Data transmission systems are known in different designs and are widely used where part of the transmission system is freely movable and the distance to be bridged is limited to a few meters. Infrared (IR) transmission systems have proven their worth, particularly in the area of automatic route control of transport devices. Such transmission systems are particularly advantageous if several independent systems are used in parallel in the environment. Other transmission media, such as the high-frequency signals up to frequencies of a few hundred MHz, can practically not be used for such transmission links, since - when using several transmitters with the same frequency - decoupling of the signals is practically impossible. But even at different frequencies, the use of high-frequency signals is not always possible if electromagnetic interference fields are present in the local environment (WO 86/02637).

With regard to the type of transmission, pulse code modulation is often used in IR transmission systems.

In addition to the data to be transmitted, a not inconsiderable number of system-specific synchronization characters, such as start bit, reset bit, must also be transmitted. For example, for the relatively small amount of data of 4 bits, an additional 6 bits are required to control the 4-bit data word (DE-A-31 46 251).

If larger amounts of data are to be transmitted, relatively long transmission times have to be accepted. By dividing the data into several blocks and parallel instead of serial transmission, the transmission time can be shortened, but requires more circuitry, since several data transmitters and several data receiver units are required for parallel operation (DE-C-36 15 825).
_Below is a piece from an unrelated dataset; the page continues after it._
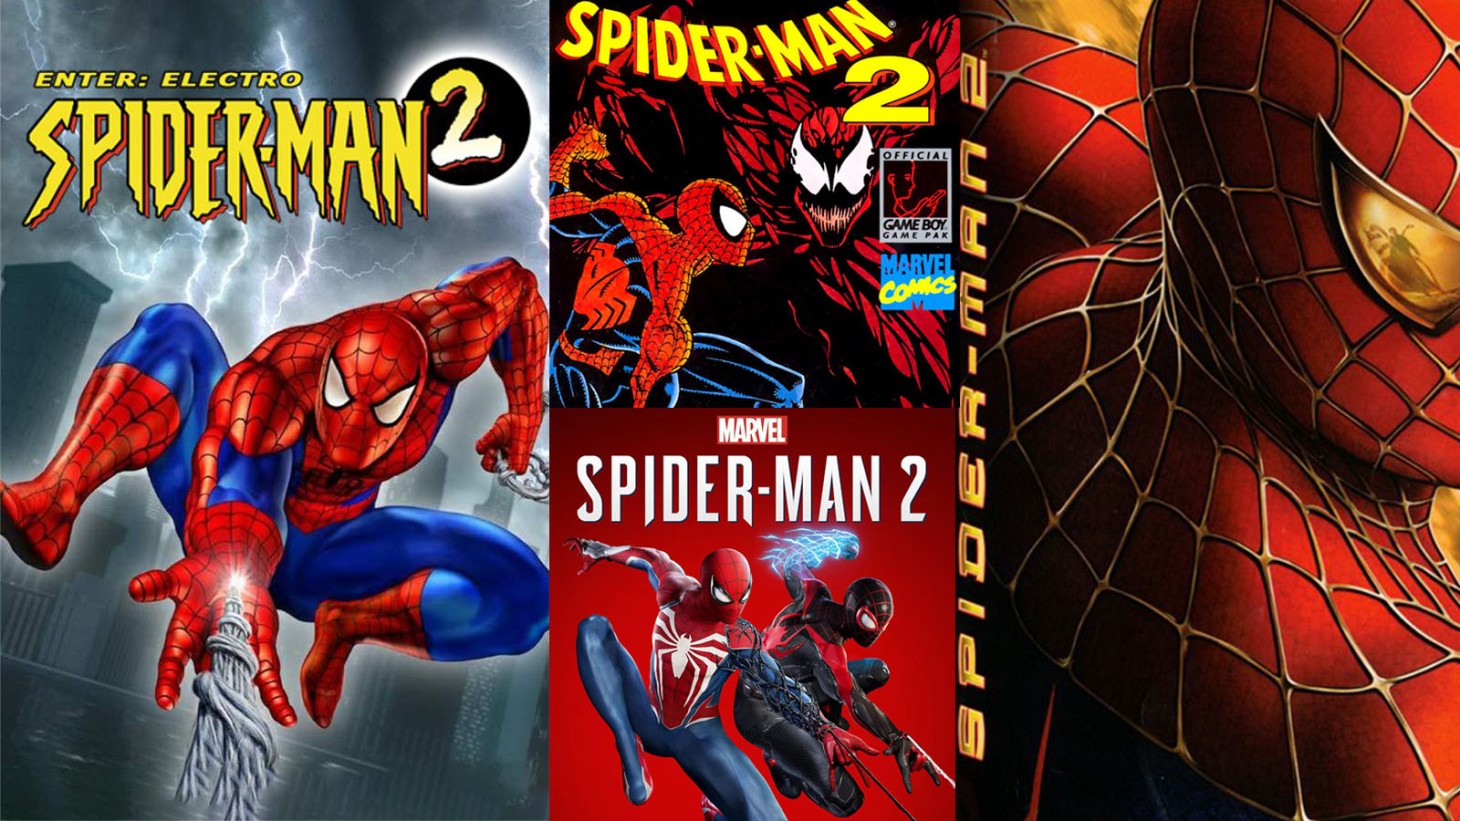 The web-slinger has had so many video games (and series of games) that he's  racked up an alarming number of “Spider-Man 2” games, so with…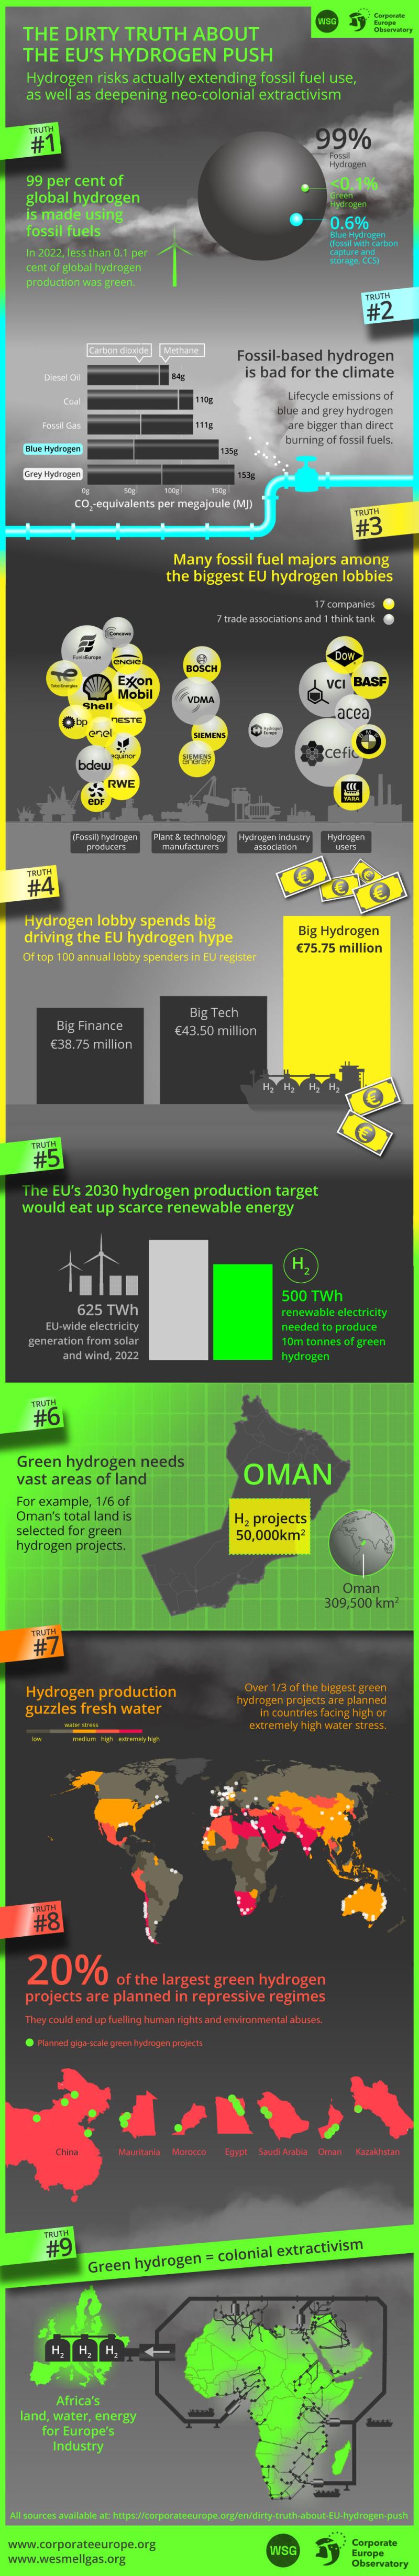 Long infographic into the dirty truth about the EU’s hydrogen push

One area of application for such data transmission devices is the automatic detection of signals for road traffic and for the reproduction of these signals in motor vehicles. The purpose of such devices is to enable the driver of a motor vehicle to call up the traffic signs in his motor vehicle that are valid in the section of road he is traveling on (DE-U-94 09 056).

A device for receiving and transmitting information between fixed and movable stations for determining and transmitting climate and road information is known, the at least one data transmission unit located along the movement path for transmitting a transmission signal and a data receiver unit located on a moving body for receiving the transmission signal and with at least one memory unit contained in the data receiver unit for storing the data and a data evaluation unit for evaluating the data (EP-A-0 575 907).

In order to transmit the data word to be transmitted from one base station to a data receiver unit located on a moving body with only one data transmission unit, to shorten the transmission time by saving control characters, and to additionally transmit its validity with respect to the direction of movement of the body coded into the data word a new transmission method can be invented that avoids the disadvantages of known systems.

Starting from the prior art, the invention has for its object to provide a data transmission device by means of infrared light, with which a relatively small amount of data can be transmitted from a fixed station to a moving body, a distinction being made between two directions of movement of the body, which in the data word refer to their Validity as direction bits are recognizable. This object is achieved in that the transmitted data word contains at least one direction bit characterizing the direction of movement of the body and at least one direction change bit that takes into account changes in the direction of movement and at least one evaluation bit, and that the data transmitter and receiver units also have pulse-pause modulation working infrared transmitting and receiving devices are equipped.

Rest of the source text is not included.